OAuth consent phishing tricks users or admins into granting malicious apps access to Microsoft 365 data. Learn the mechanics, detections, remediation, and validation steps.

ES
EtcSec Security Team
17 min read
OAuth Consent Phishing: How Malicious Apps Bypass Password Theft

OAuth consent phishing is an identity attack where a user or administrator is tricked into granting permissions to a malicious OAuth application. The attacker does not need the user's password after the grant is approved. The application can access Microsoft 365 or other protected resources according to the permissions that were granted, which makes this a different problem from normal credential phishing, password spraying, or MFA fatigue.

The scope of this article is Microsoft Entra ID, Microsoft 365, and OAuth-based application consent. It does not treat every malicious sign-in as consent phishing. The focus is the consent grant itself: what the app receives, how defenders can see it, how to remove it, and how to prevent the same pattern from coming back.

OAuth consent phishing is the abuse of a legitimate consent model. Microsoft describes consent phishing as attacks that trick users into granting permissions to malicious cloud applications. The consent screen shows the permissions the application receives, but a realistic brand name, familiar logo, or believable business pretext can still cause a user or admin to approve access they did not intend to grant.
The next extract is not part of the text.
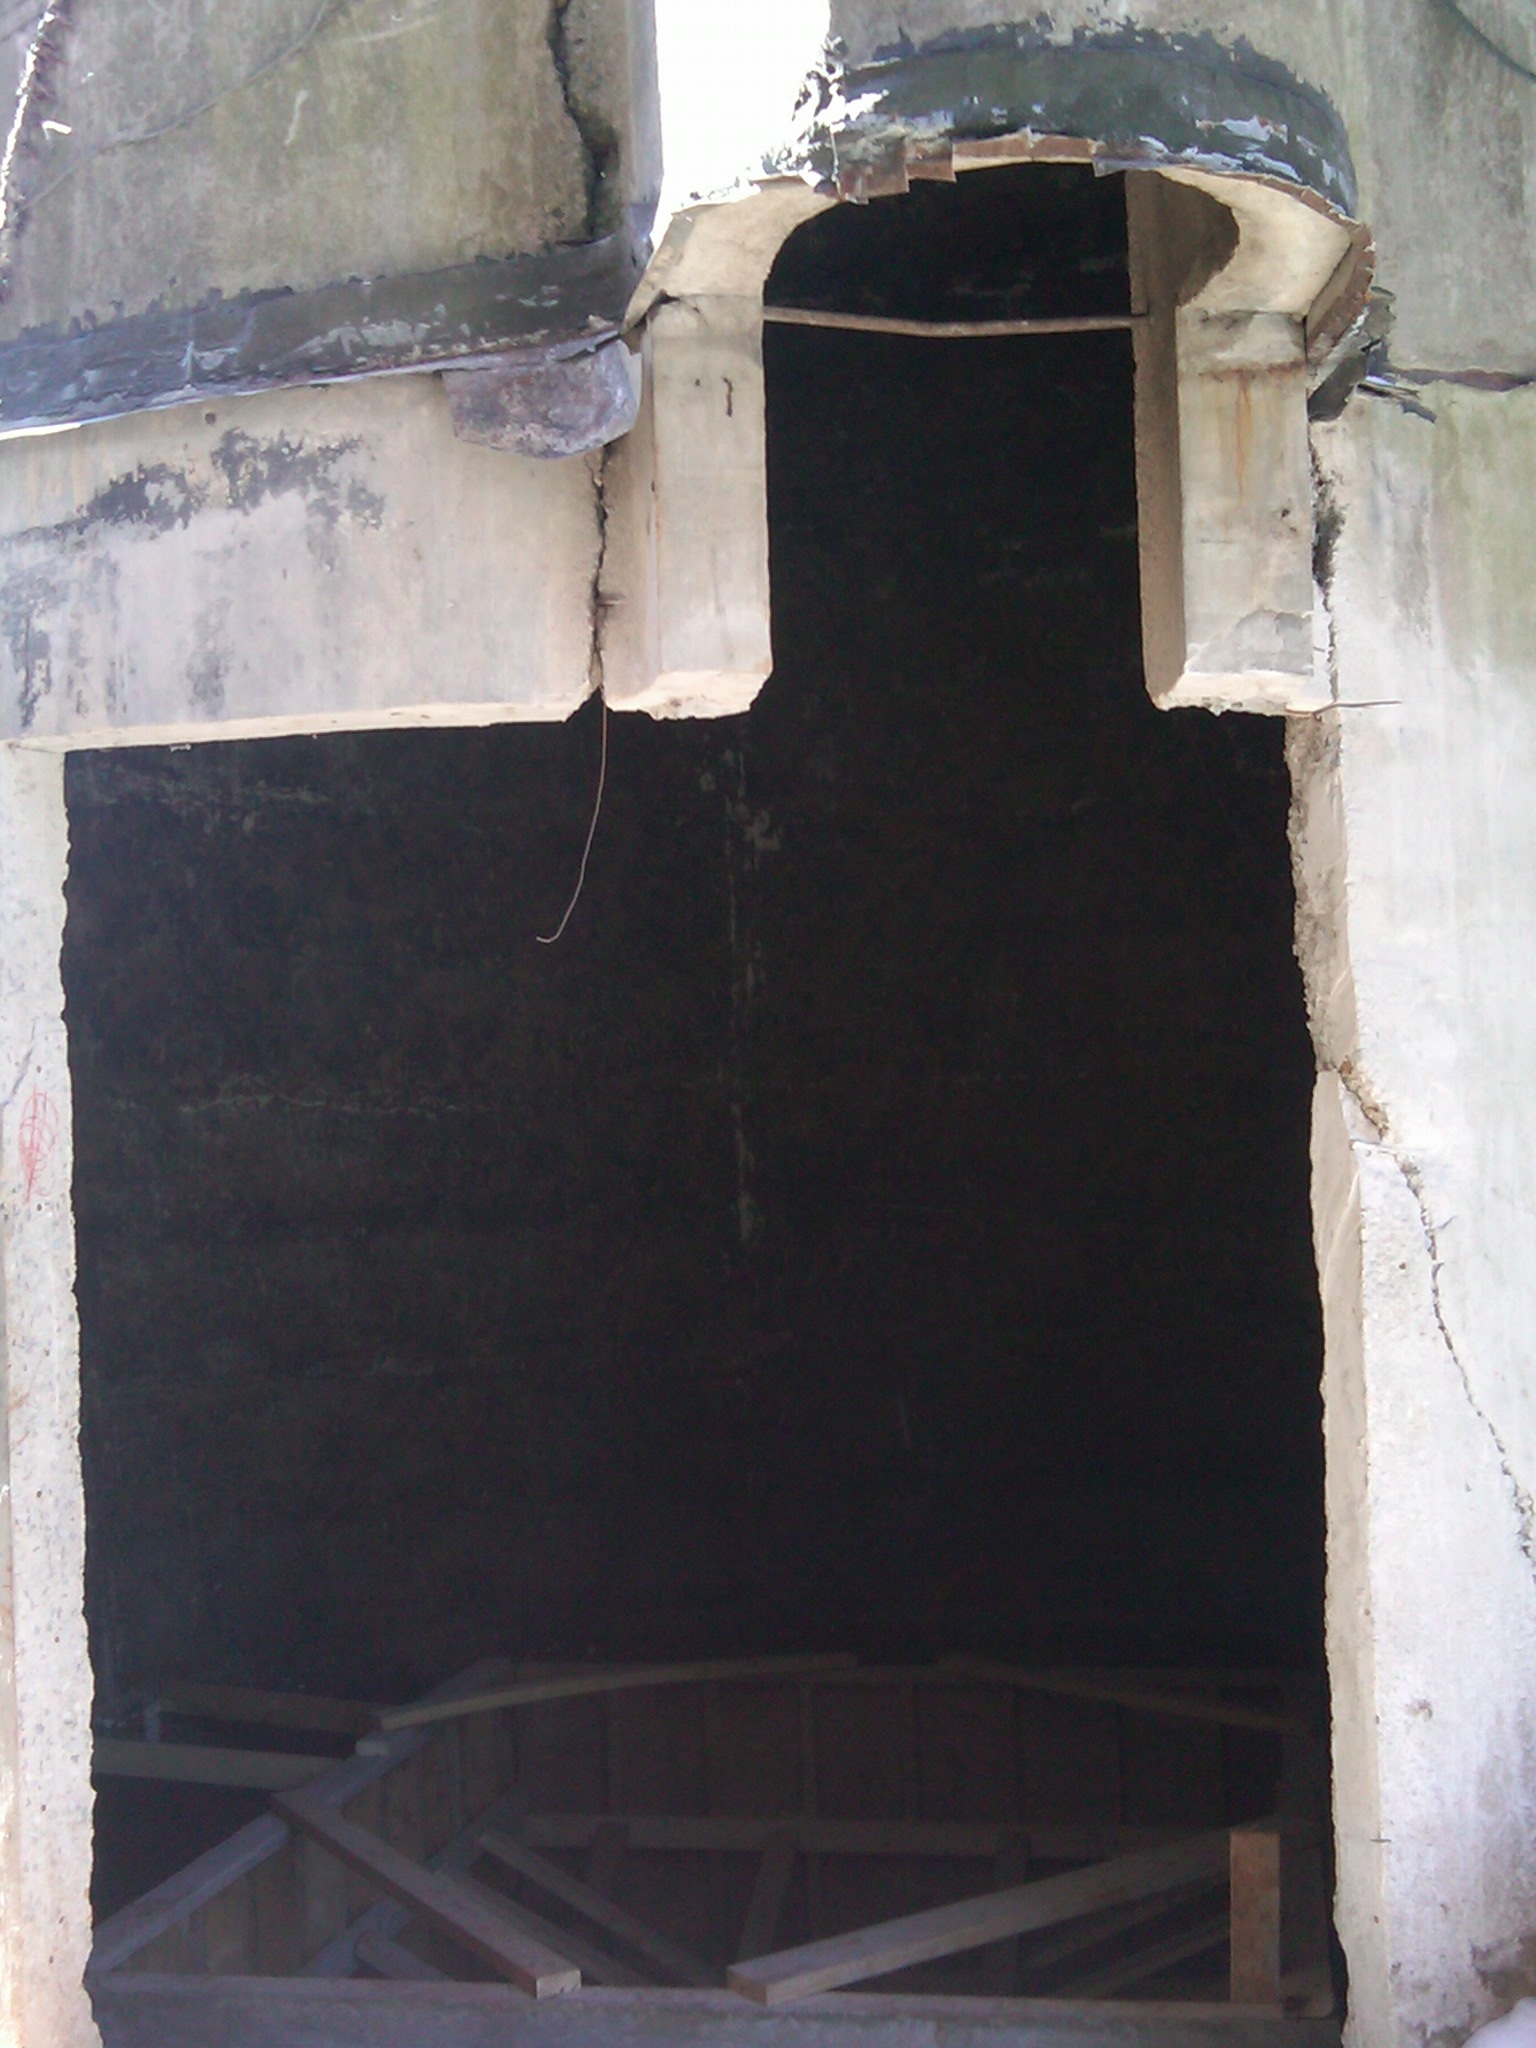 A peek into a silo... You can see the startings of an elevator shaft below.

In the Microsoft identity platform, OAuth lets an application request access to a protected resource. RFC 6749 defines OAuth 2.0 as a framework that allows a third-party application to obtain limited access to an HTTP service, either on behalf of a resource owner or on its own behalf. Microsoft Entra ID implements that model for resources such as Microsoft Graph, Exchange Online, SharePoint Online, and other APIs that integrate with the Microsoft identity platform.

Scope Limits

The important defender point is that consent phishing targets authorization, not only authentication. In a password-phishing incident, the defender usually asks whether an attacker stole credentials, whether MFA was satisfied, and whether a suspicious session exists. In OAuth consent phishing, the defender must also ask whether an application received a durable permission grant that remains valid after the original interactive session.
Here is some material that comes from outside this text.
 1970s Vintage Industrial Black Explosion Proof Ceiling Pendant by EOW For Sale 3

This is close to the risk described in Azure App Registrations: Over-Privileged Tenant Apps, but the attacker path is different. Over-privileged legitimate apps are usually an internal governance problem. OAuth consent phishing is a malicious or deceptive app gaining access through a consent prompt.

The attack chain starts with a normal OAuth authorization request. A user follows a link or opens an application that sends them to the Microsoft identity platform. The user authenticates if needed. If the requested permissions have not already been consented to, Microsoft Entra presents a consent prompt. That prompt includes the requested permissions and publisher information.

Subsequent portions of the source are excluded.